The connection itself is not a secret. Toshiba spent almost ¥600 billion to buy its share of Westinghouse, which at the time of the purchase was only worth about ¥250 billion. The extra “goodwill” money (norendai) was in anticipation of future revenues that would accrue as Toshiba expanded its nuclear energy business both in Japan and throughout the world with Westinghouse as its “trump card.” But then Fukushima happened, putting a serious damper on demand for plant construction.

The revenues Toshiba envisioned didn’t materialize, and the norendai became a huge liability it tried to hide through bookkeeping. Sasaki, his predecessor and his successor are all now being sued by Toshiba’s management for ordering improper accounting practices after Nikkei Business reported that Toshiba was violating Tokyo Stock Exchange regulations regarding the disclosure of a subsidiary’s losses.

However, at the end of December, the Financial Services Agency, in its investigation of the accounting scandal, did not find Toshiba to be at fault, but rather punished the auditing firm of Ernst & Young ShinNihon for “failure to detect” Toshiba’s improper accounting practices. In a follow-up article in the Jan. 11 issue of Aera, the reporter wondered if this arrangement didn’t smack of “conspiracy,” and an FSA representative told the magazine that the agency “suspected” as much but “could not find any evidence.” For the next three months, ShinNihon is suspended from signing any new business contracts and must pay a “surcharge” of ¥2.1 billion. Though that may sound severe, industry people told Aera that usually in such cases penalized companies are suspended from conducting business altogether.

So why didn’t the FSA accuse Toshiba of accounting fraud, especially given that it’s not uncommon for auditors to revise their findings so as not to inconvenience powerful clients? As Yamada points out, the agency didn’t even mention Westinghouse in its findings.

Perhaps the government still needs Toshiba, since Prime Minister Shinzo Abe has pegged Japanese growth at least partly to the export of nuclear technology. In November, the Asahi Shimbun interviewed the CEO of Westinghouse, who said his company had plans to build dozens of new reactors all over the world, “including Japan.” Abe is selling nuclear technology to Vietnam, Turkey and other countries, and in October he finalized a trade deal with Mongolia.

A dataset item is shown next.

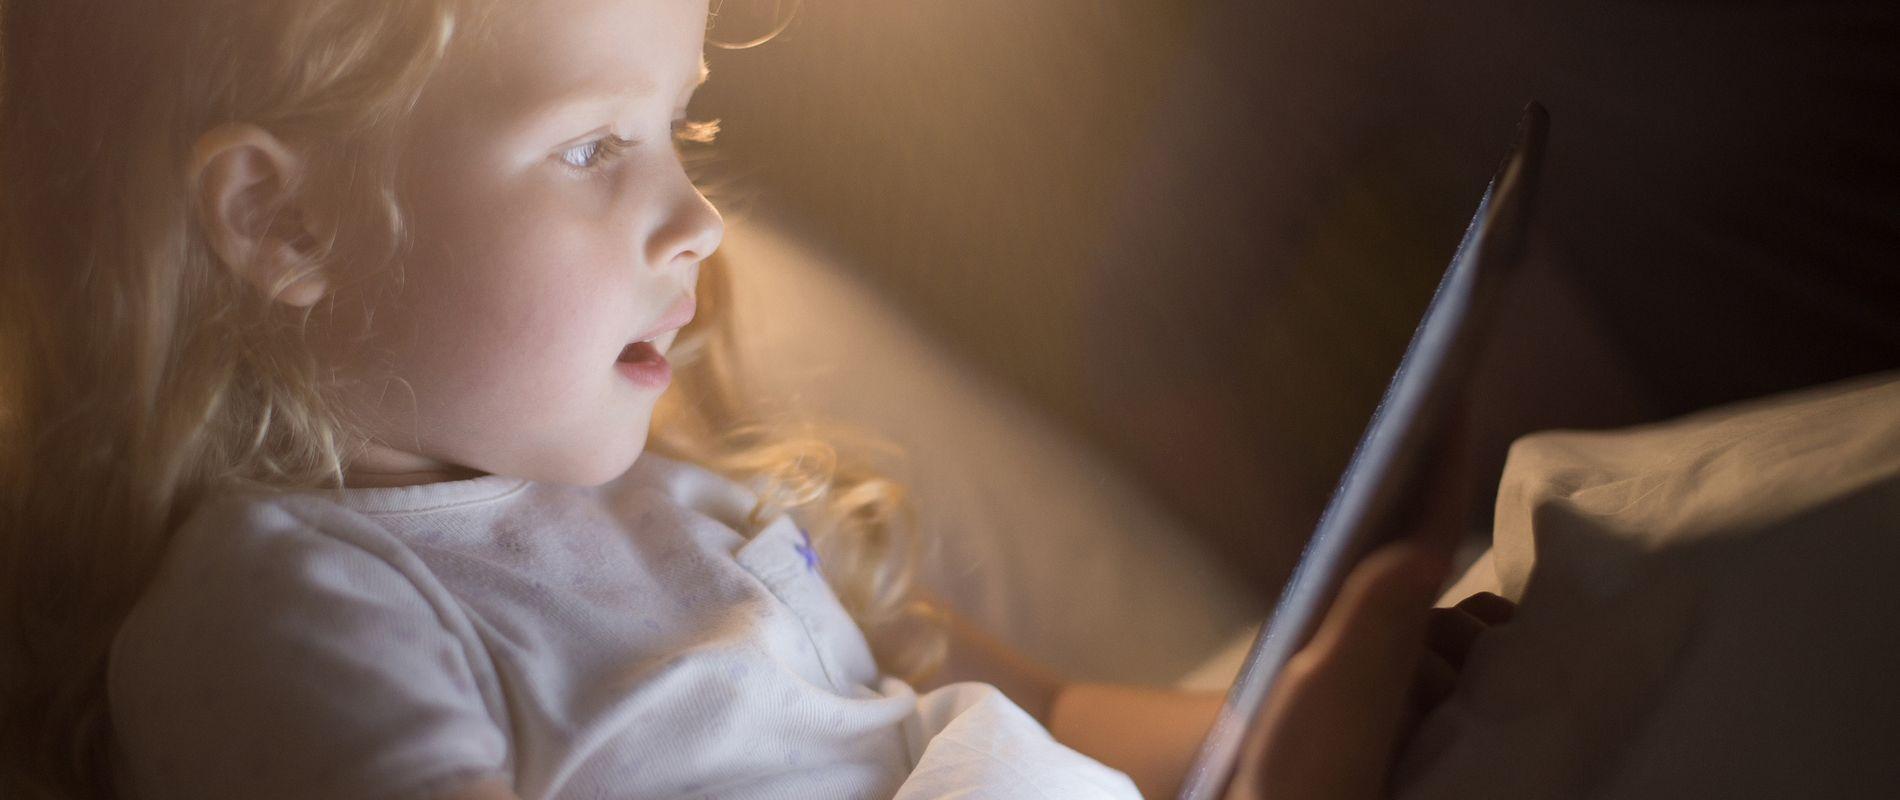 Les écrans perturbent le sommeil, la concentration et l’apprentissage du langage chez les enfants.

Ryoko Imaoka, an associate professor at Osaka University and longtime expert on Mongolia, has explained that the U.S., desperate to find a friendly country to accept nuclear waste, was pushing Japan to make a deal with Mongolia. Japan publicly downplays the nuclear part of the trade agreement and Japanese media have obliged, though Mitsubishi Corp. is already developing three new mines there. She says the country’s currently dormant uranium pits remain extremely radioactive and it’s not clear where any nuclear waste would be buried, but in any event there are Mongolians who are ready to sue to shut the whole thing down.